1. solve the "kill switch" naming problem by branding it the "brutal and bloody robot murder switch with an option on the executives responsible".
2. make all this shit an extension like they should have a year ago.
3. and your little translator too.

@neal @memoria "Firstly, Red Hat Enterprise Linux doesn't have signed repository metadata"

OK, well they changed it after many years of signing (and Fedora having no metadata protection at all).

"they have a special scheme involving pinned TLS certs generated by subscription-manager."

Interesting.... subscription control.

"Fedora doesn't have signed repository metadata because the tooling doesn't support it. That's it."

Very special. Gold star! I won't inquire about their motivations any further while their parent eviscerates the GPL.

@firefoxwebdevs I really love the local on-device translation, "AI" or not.

I think this question follows a fundamental misunderstanding of the AI toggle. I want I do not want to ship off my browser data to any AI company (including Mozzila), and that would be the toggle I would look for.

If Firefox/Mozilla came out with a on-device local-only LLM I would personally be more receptive. The main issue for a browser is that it should be a browser, and also not ship all my data off for harvesting by AI slop companies.

Firefox uses on-device downloaded-on-demand ML models for privacy-preserving translation.

They're not LLMs. They're trained on open data.

Should translation be disabled if the AI 'kill switch' is active?

@chillicampari @firefoxwebdevs @joepie91 I’m kindof amazed that Mozilla can’t distinguish which changes led to the backlash.
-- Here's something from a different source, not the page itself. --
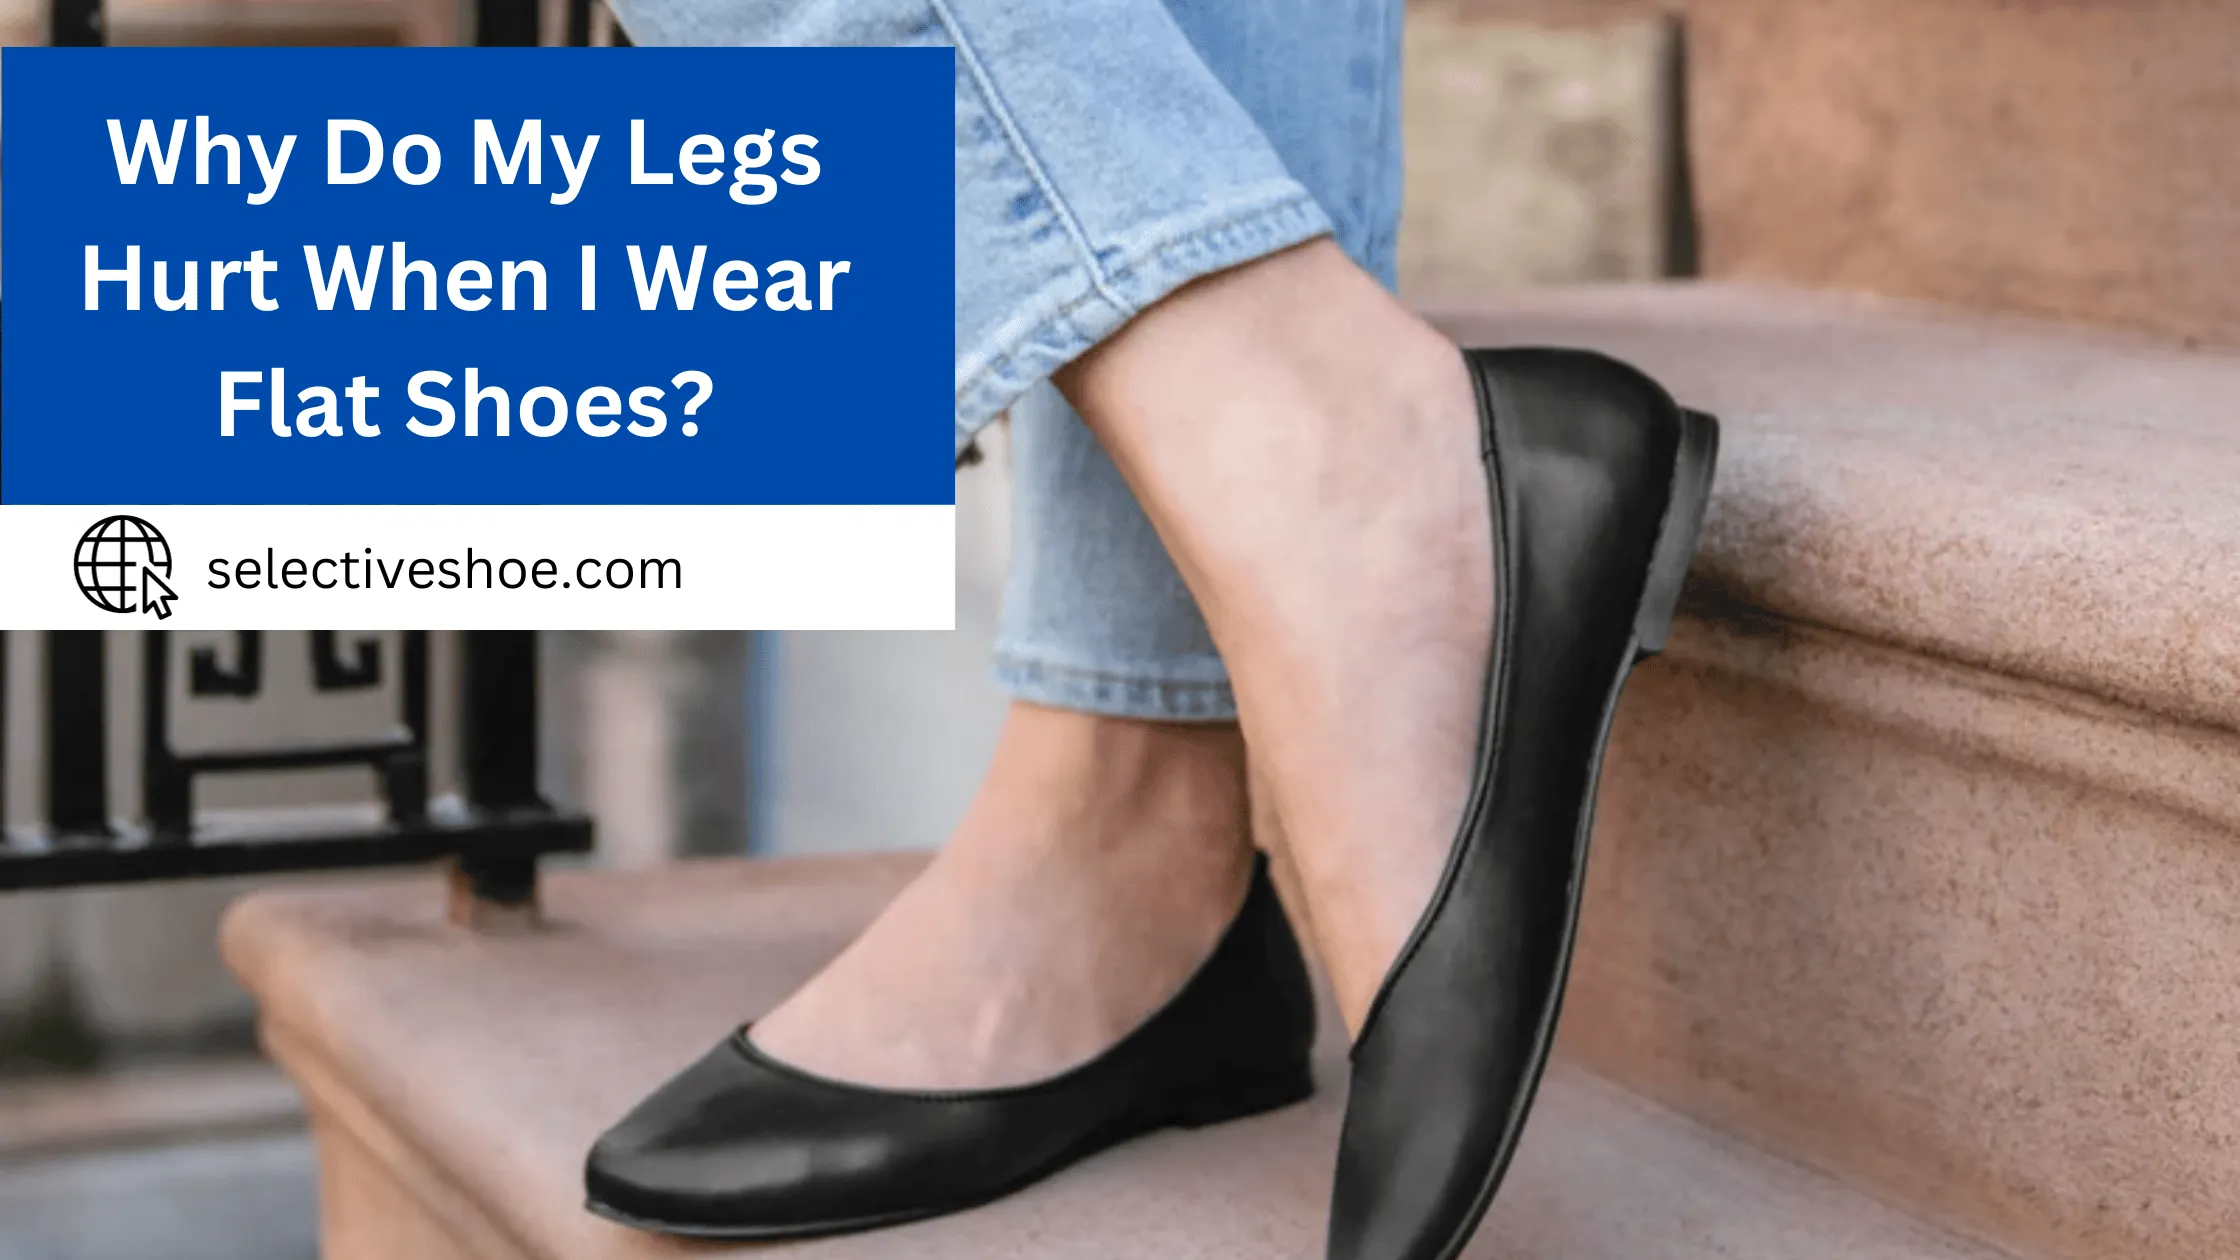 Why Do My Legs Hurt When I Wear Flat Shoes?

I think that’s why this whole thing feels more like putting on a show than like a genuine attempt at reform.

The timing alone makes it clear that the builtin translation was not the issue. Sure, moving it to a plugin would be an improvement, and requiring user action to enable it would be smaller improvement, but that was the case before.
️

@firefoxwebdevs doing a great job at regaining users' trust there, I see

In other news, you've done such a great job at regaining my trust that I've switched browsers to anything but Firefox. Well done, Mozilla.

> A web browser should load web pages, allow you to interact with them ...

I would point out that translating a web page written in a non-native language allows me to interact with said page. Your argument can go both ways.